The American duo, who have reflected on their luck of being in charge of the Champions League Finallists after barely four months in charge, as comparable to taking over an MLB team a week before the World Series, have been their usual PR savvy selves about this ticketing crisis, though Tom Hicks' clumsy comparison of the Liverpool brand to that of Weetabix hasn't helped either.

No amount of PR can hide the fact that there will be many thousands of ticketless Liverpool fans, and the rumour that Milan have sent back tickets has added to the sense of injustice. Though the talk of 2,000 being returned was dismissed by a Milan press officer as actually being around 50, this story reflects the fact that no other country's fans travel in the numbers that British ones do.

Like Manchester United in 1999, Celtic in 2003 and Liverpool themselves two years ago, there seems little doubt that this cradle of the civilised ancient world will have its metro system, its bars and its taxi drivers all fully employed by those of a red scouse persuasion. And come the morning of the match, many were queued up at the stadium in the hope of grabbing hold of one of those perhaps non-existent spare tickets.

Those Liverpool fans out drinking on Tuesday night were only too happy to remind any Chelsea or Manchester United fans of their presence in yet another final. Although many in sobriety would admit that 'five times' becoming 'six times' looks as tall an order as four becoming five did pre-match in Turkey.
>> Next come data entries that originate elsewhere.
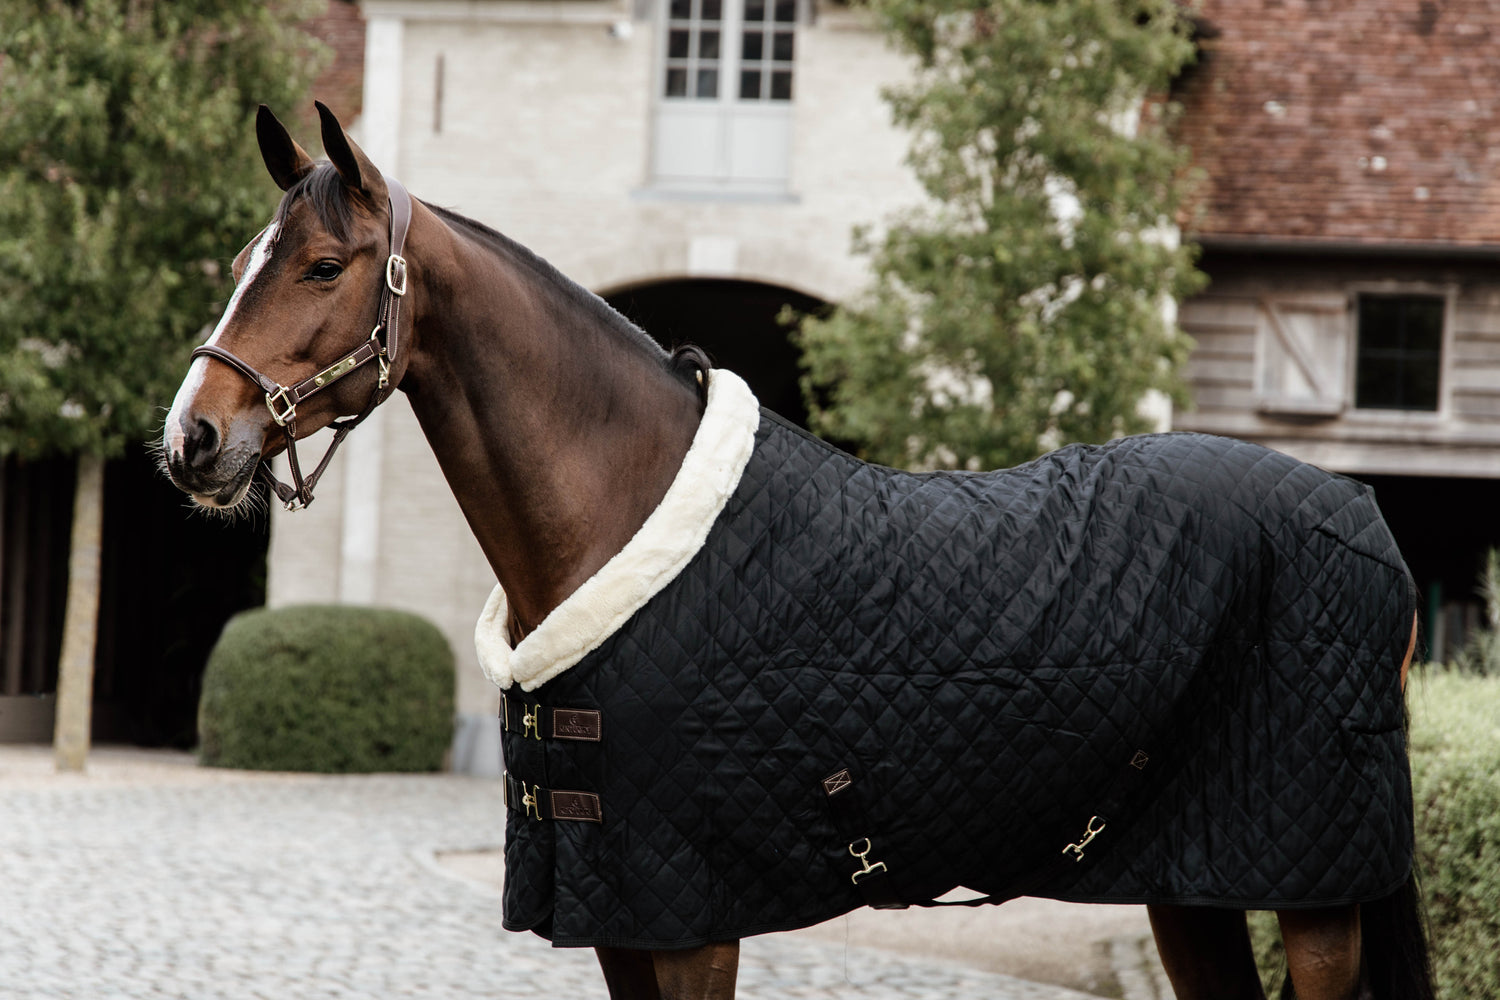 The Kentucky Horsewear Show Rug  has a contoured shape gives the perfect fit. The Faux fur creates tiny air pockets and as a result traps air, retaining the horses body heat.   The luxurious soft artificial fur lining prevents rubbing whilst providing ultimate comfort and warmth for your horse.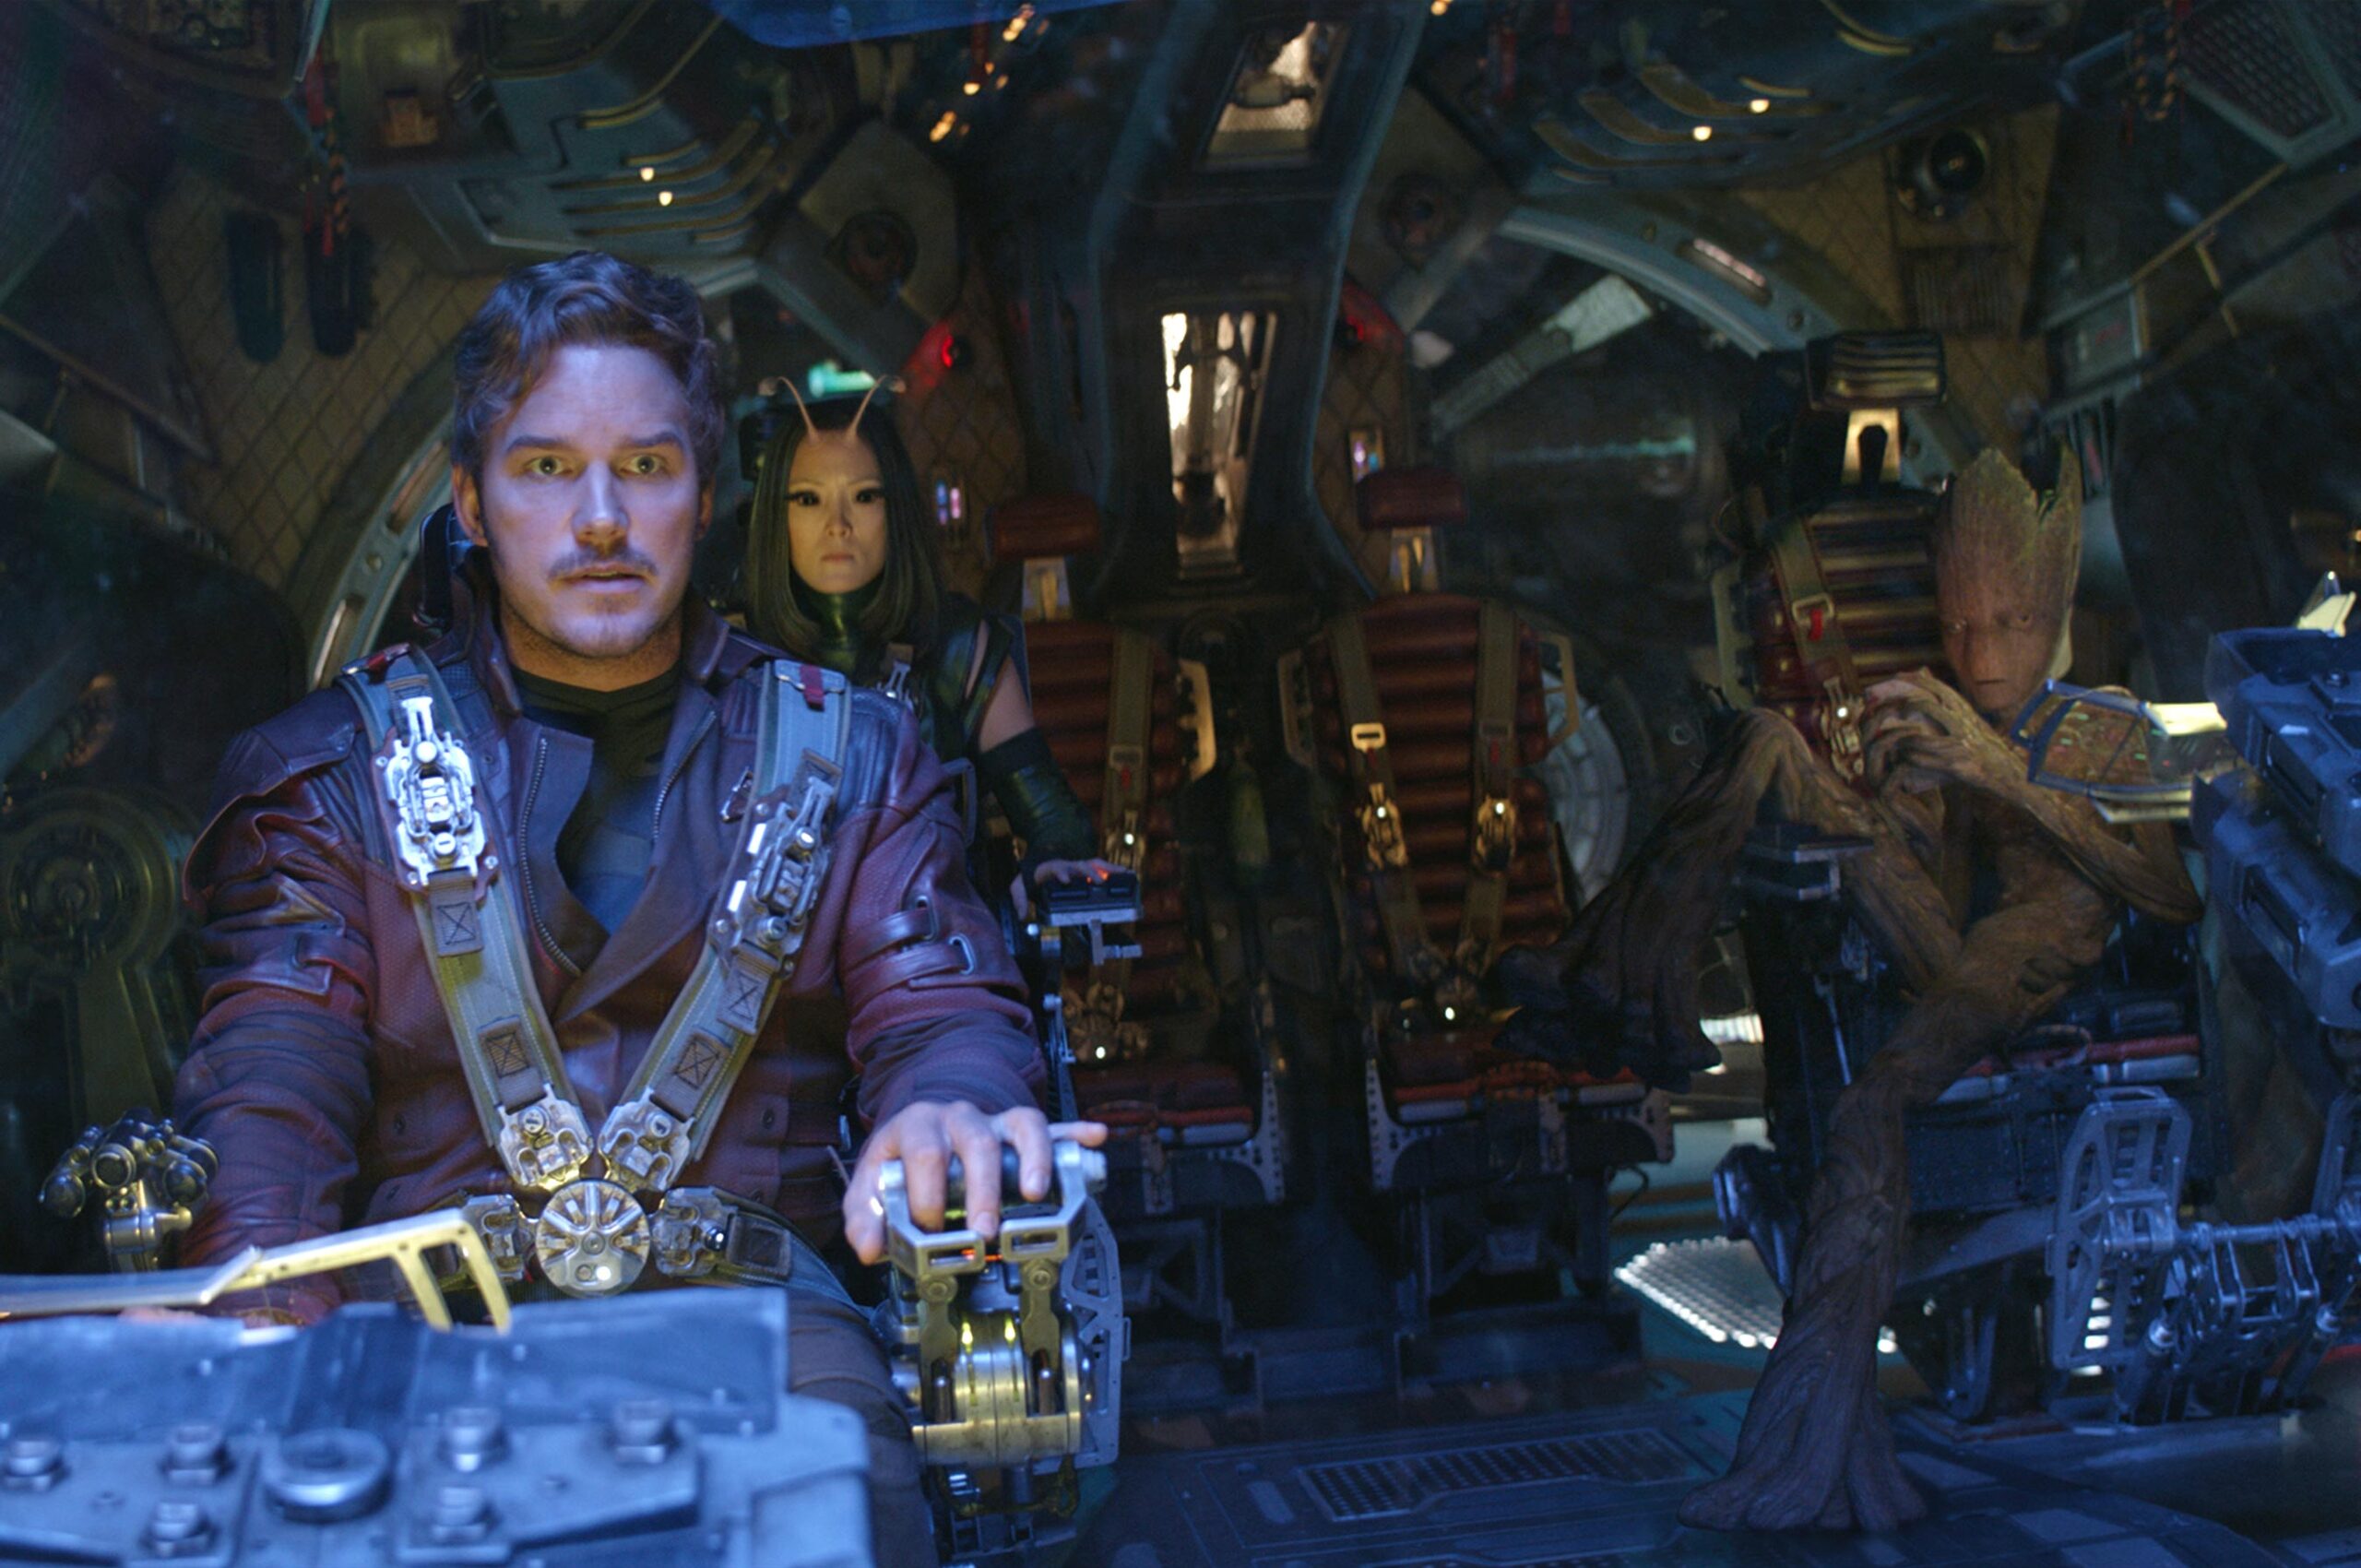 Guardians Of The Galaxy In Avengers Infinity War Movie In 2560x1700 Resolut...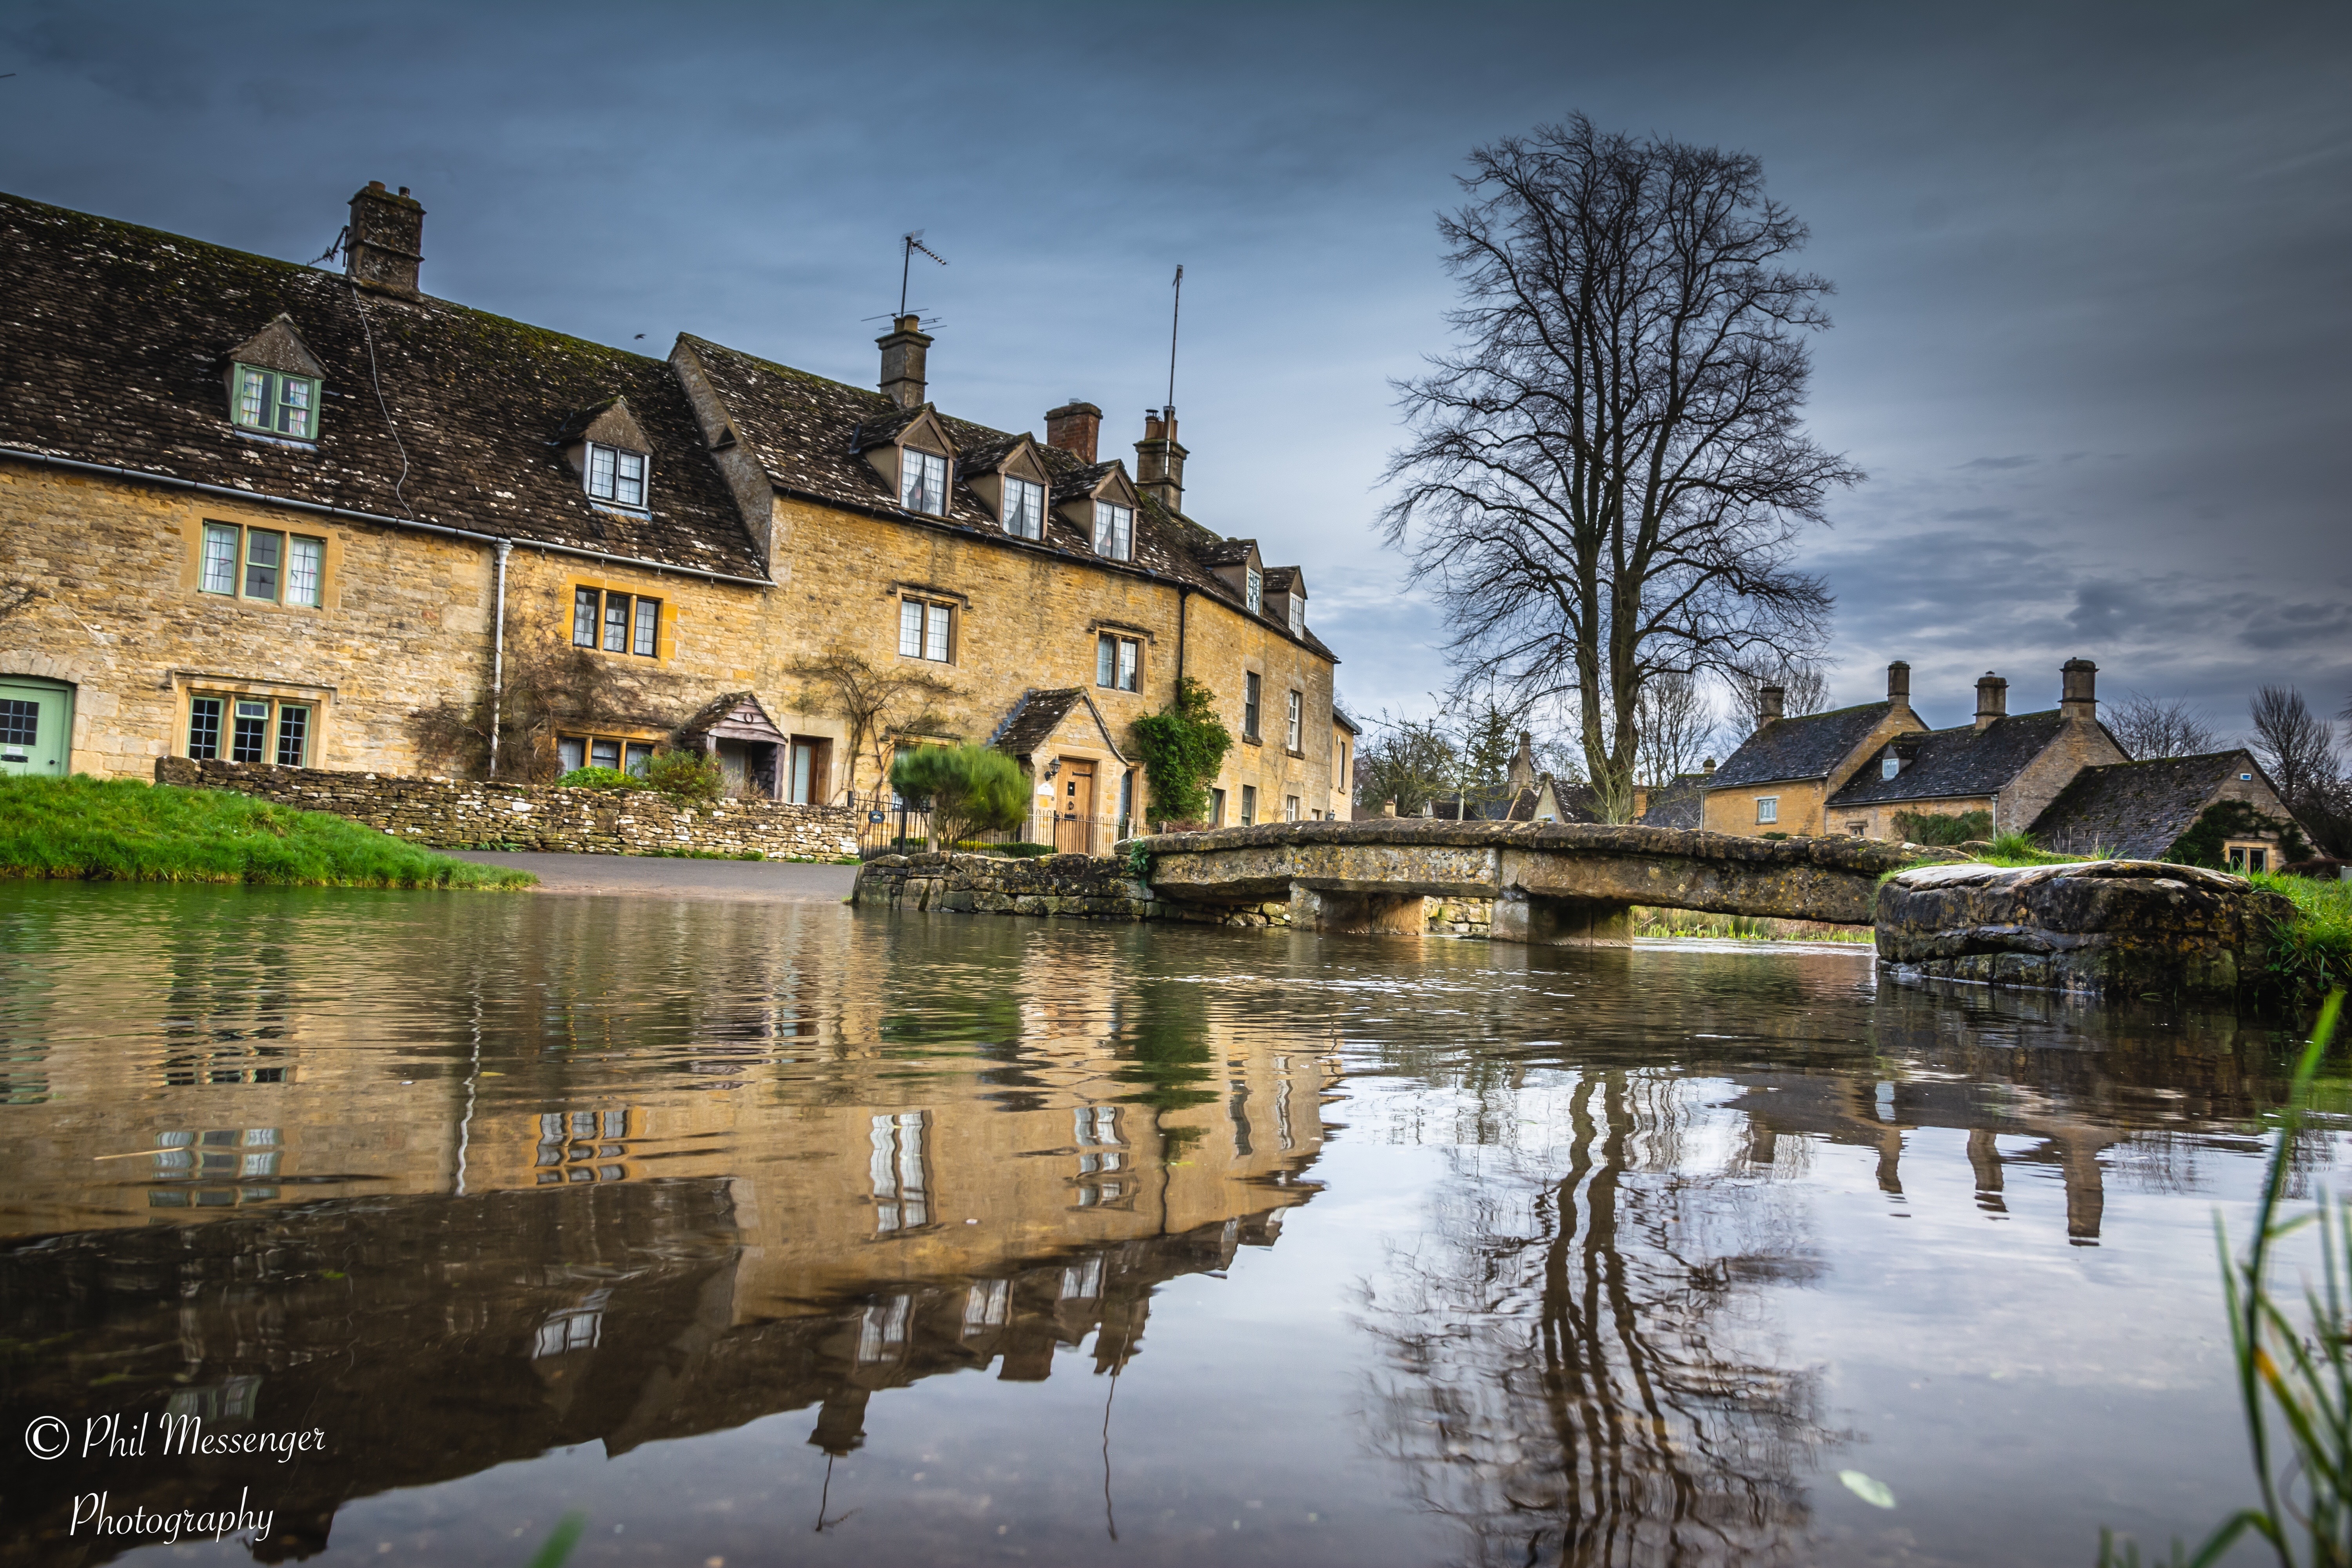 Riverside cottages reflecting on the river eye at Lower Slaughter in the Cotswolds.

Though perhaps not as difficult as it did at half-time in Istanbul's own 'Olympic' Stadium.

Another man who may be looking back on two years ago is one who limped out early in that match. Harry Kewell may yet have a role to play as his stop-start career lands him, in two years, the chance to play in 2005's final, last year's World Cup and then this year's showpiece with little football in between.

A sizeable Australian contingent of Reds fans made sure that his rarely-heard anthem, to the tune of Boney M's 'Daddy Cool', was heard as last night drew to a close.

Those feeling the Ides of Istanbul most strongly will be the Milan team, staying out by the coast, who have looked, to those staying at their hotel, relaxed and confident ahead of their revenge mission of all missions.

While this is an ageing team, this being over-40 and probable sub Alessandro Costacurta's last involvement with the Rossoneri and perhaps Paolo Maldini's last chance to add to the four winners' medals he took in 1989, 1990, 1994 and 2003. Athens holds better memories for Silvio Berlusconi's side, for it was here they destroyed Barcelona's 'Dream Team' 4-0 in 1994.

Of course, only Maldini remains from that night, as Costacurta missed that final through suspension, as he did the World Cup Final of that year, but the club and its fans will be trying to summon the spirit of that night. And not of 25th May 2005.

They know, in Kaka, they have the continent's pre-eminent player, and in Gattuso and Pirlo two World Cup winners who can negate Alonso and Gerrard and a defence experienced enough to deal with a hardly prolific attack.

Yet there will be doubt and bad memories in the back of their minds. And Liverpool, with those fans who make it to the stadium, their canny Spanish manager and a mode of play that makes them exceedingly difficult to play against will be trying to plant the seeds of doubt that flowered in Istanbul.

Perhaps only after the cup has been lifted after a classic encounter will Athens 2007 throw off the shackles of its rival city from across the Aegean Sea.